Migration data validation patterns: row count comparison, checksums, sampling validation, FK integrity, and business rule validation query design guide. Use this skill for requests involving 'data validation', 'migration validation', 'checksum', 'row count comparison', 'integrity validation', 'regression testing', 'Go/No-Go checklist', etc. Enhances validation-engineer's validation design capabilities. Note: schema mapping and rollback planning are outside the scope of this skill.
A systematic collection of patterns and queries for verifying data integrity before and after migration.

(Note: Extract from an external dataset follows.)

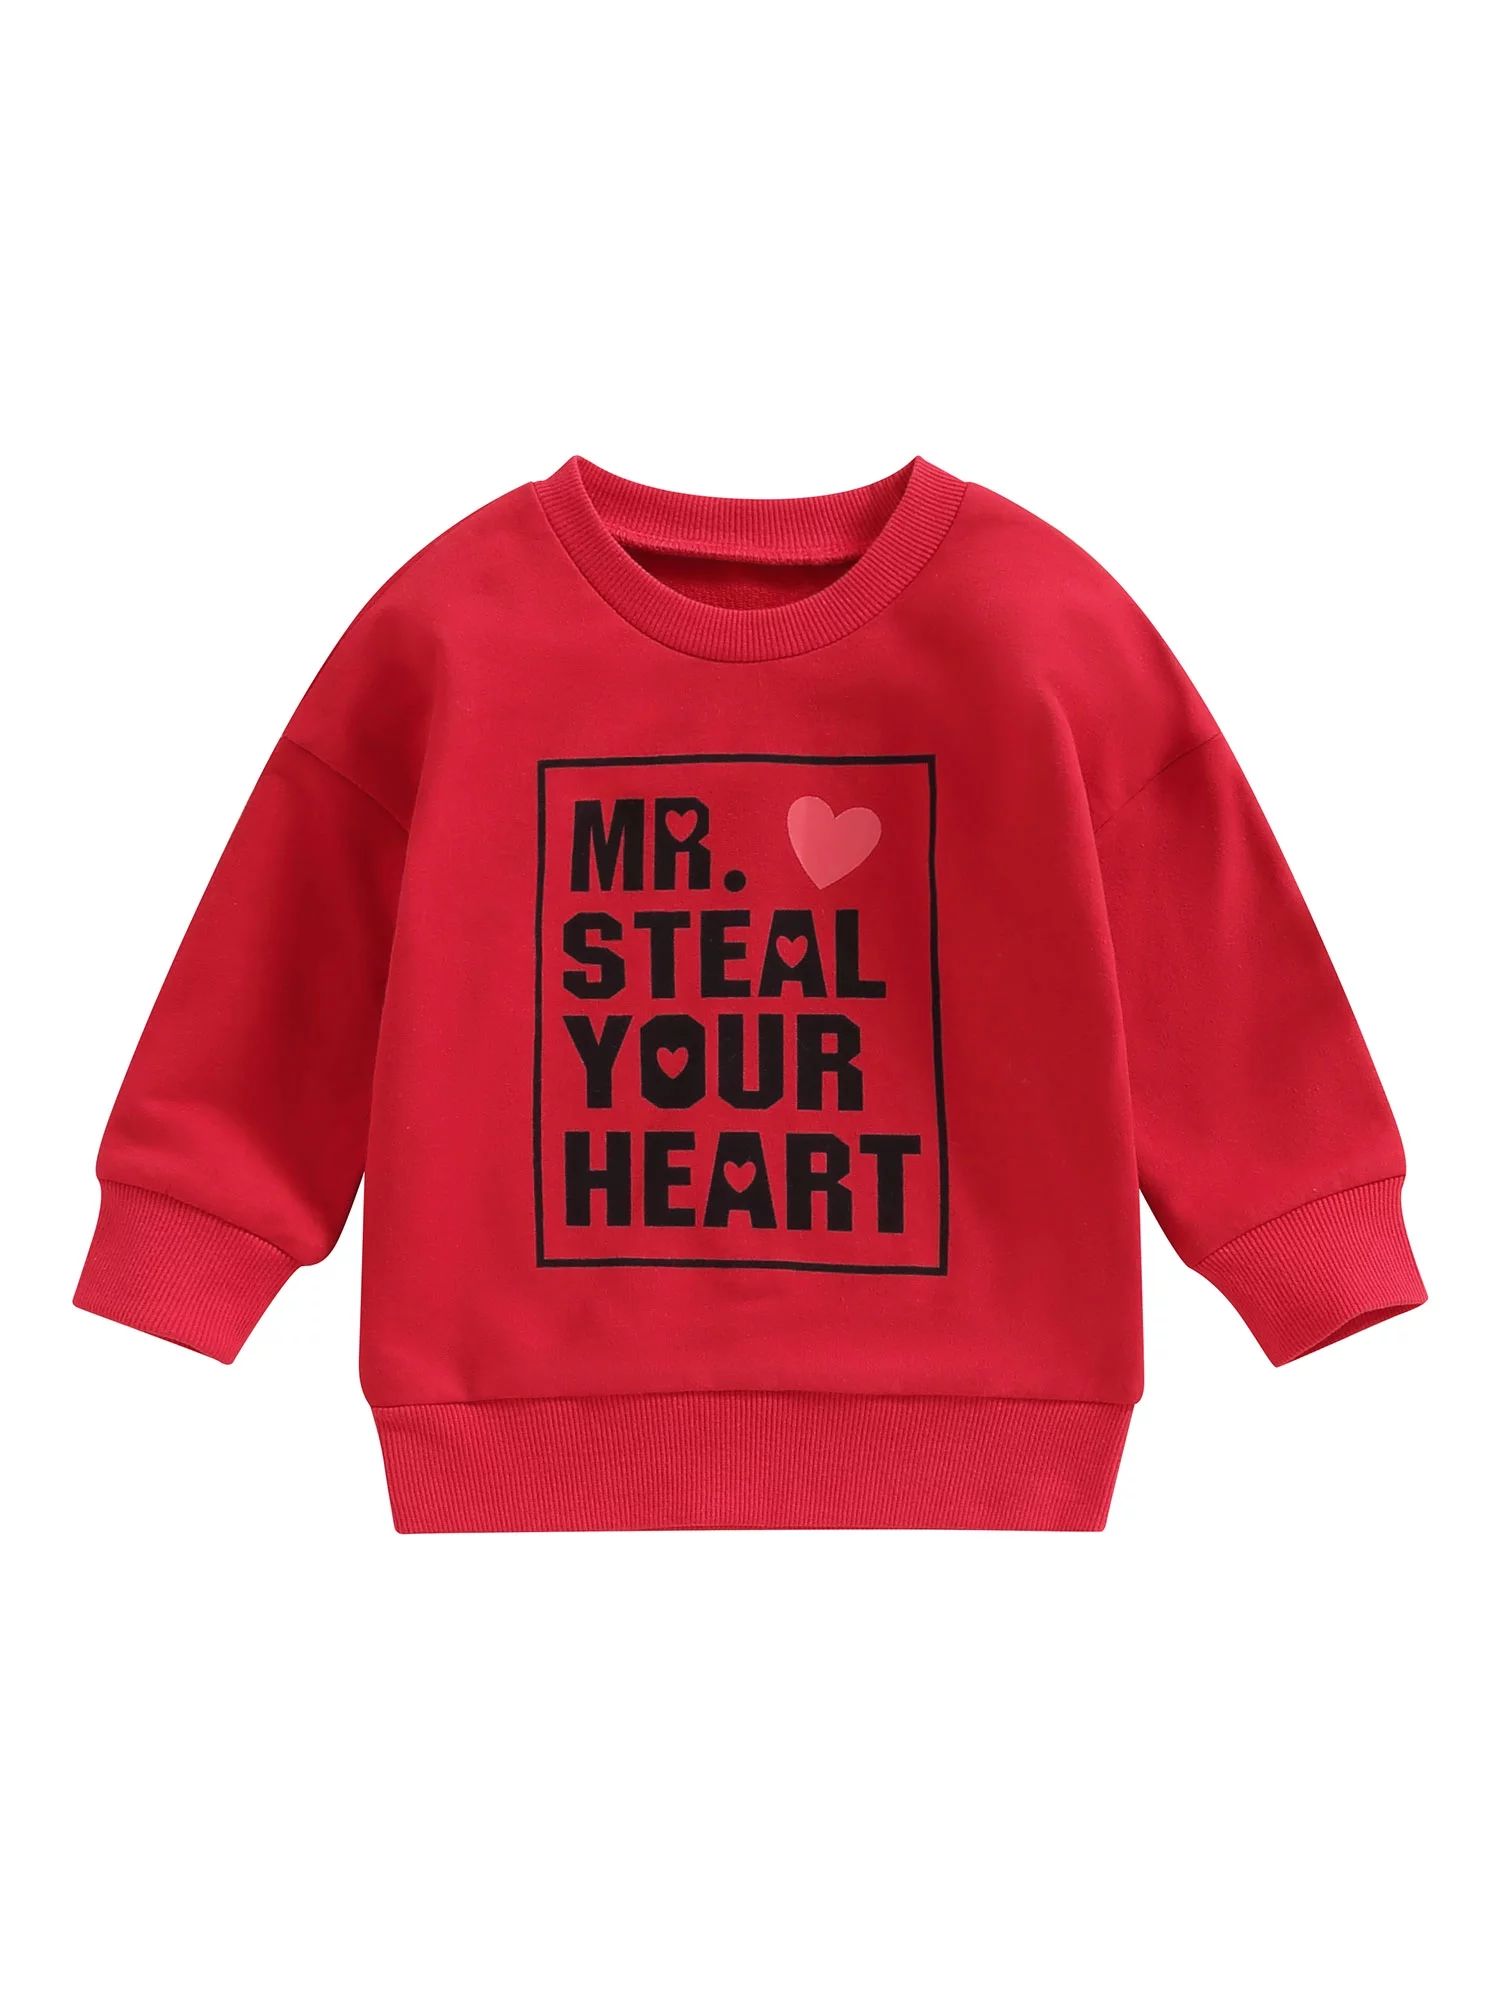 Bagilaanoe Toddler Baby Boy Valentine's Day Sweatshirt Long Sleeve Letter Print Pullover 6M 12M 1... | Walmart (US)

Level 5: Business Rule Validation <- Domain-specific rules
Level 4: Cross-Reference Validation <- Inter-table relationships
Level 3: Data Value Validation <- Transformation accuracy
Level 2: Schema Validation <- Structural match
Level 1: Count Validation <- Row/column count match
-- Source
SELECT 'orders' AS table_name, COUNT(*) AS row_count FROM source.orders
UNION ALL
SELECT 'customers', COUNT(*) FROM source.customers
UNION ALL
SELECT 'products', COUNT(*) FROM source.products;
-- Target (same query)
SELECT 'orders' AS table_name, COUNT(*) AS row_count FROM target.orders
UNION ALL ...;
-- Difference comparison
SELECT s.table_name,
s.row_count AS source_count,
t.row_count AS target_count,
s.row_count - t.row_count AS diff,
CASE WHEN s.row_count = t.row_count THEN 'PASS' ELSE 'FAIL' END AS status
FROM source_counts s JOIN target_counts t ON s.table_name = t.table_name;
-- Column count comparison
SELECT s.table_name,
s.col_count AS source_cols,
t.col_count AS target_cols,
CASE WHEN s.col_count = t.col_count THEN 'PASS' ELSE 'CHECK' END
FROM (SELECT table_name, COUNT(*) col_count
FROM source_information_schema.columns GROUP BY table_name) s
JOIN (SELECT table_name, COUNT(*) col_count
FROM target_information_schema.columns GROUP BY table_name) t
ON s.table_name = t.table_name;
-- NULL constraint comparison
-- PK/FK constraint comparison
-- Index comparison
-- Row-level checksum (PostgreSQL)
SELECT id, md5(ROW(order_id, customer_id, total_amount, created_at)::text) AS row_hash
FROM orders;
-- Full table checksum
SELECT md5(string_agg(row_hash, '' ORDER BY id)) AS table_hash
FROM (
SELECT id, md5(ROW(*)::text) AS row_hash FROM orders
) t;
-- MySQL checksum
CHECKSUM TABLE orders;
def sample_validation(source_conn, target_conn, table, pk_col, sample_size=1000):
"""Compare N randomly sampled rows one-by-one"""
# 1. Random PK extraction
pks = source_conn.execute(
f"SELECT {pk_col} FROM {table} ORDER BY RANDOM() LIMIT {sample_size}"
).fetchall()
mismatches = []
for pk in pks:
source_row = source_conn.execute(
f"SELECT * FROM {table} WHERE {pk_col} = %s", (pk,)
).fetchone()
target_row = target_conn.execute(
f"SELECT * FROM {table} WHERE {pk_col} = %s", (pk,)
).fetchone()
if not rows_equal(source_row, target_row):
mismatches.append({
'pk': pk, 'source': source_row, 'target': target_row,
'diff_columns': find_diff_columns(source_row, target_row)
})
return {
'table': table,
'sample_size': sample_size,
'mismatches': len(mismatches),
'match_rate': (sample_size - len(mismatches)) / sample_size,
'details': mismatches[:10] # Top 10 only
}
-- Numeric column aggregate comparison
SELECT
COUNT(*) AS cnt,
SUM(total_amount) AS sum_amount,
AVG(total_amount) AS avg_amount,
MIN(total_amount) AS min_amount,
MAX(total_amount) AS max_amount,
COUNT(DISTINCT customer_id) AS unique_customers
FROM orders
WHERE created_at BETWEEN '2024-01-01' AND '2024-12-31';
-- FK integrity: Does orders.customer_id exist in customers.id?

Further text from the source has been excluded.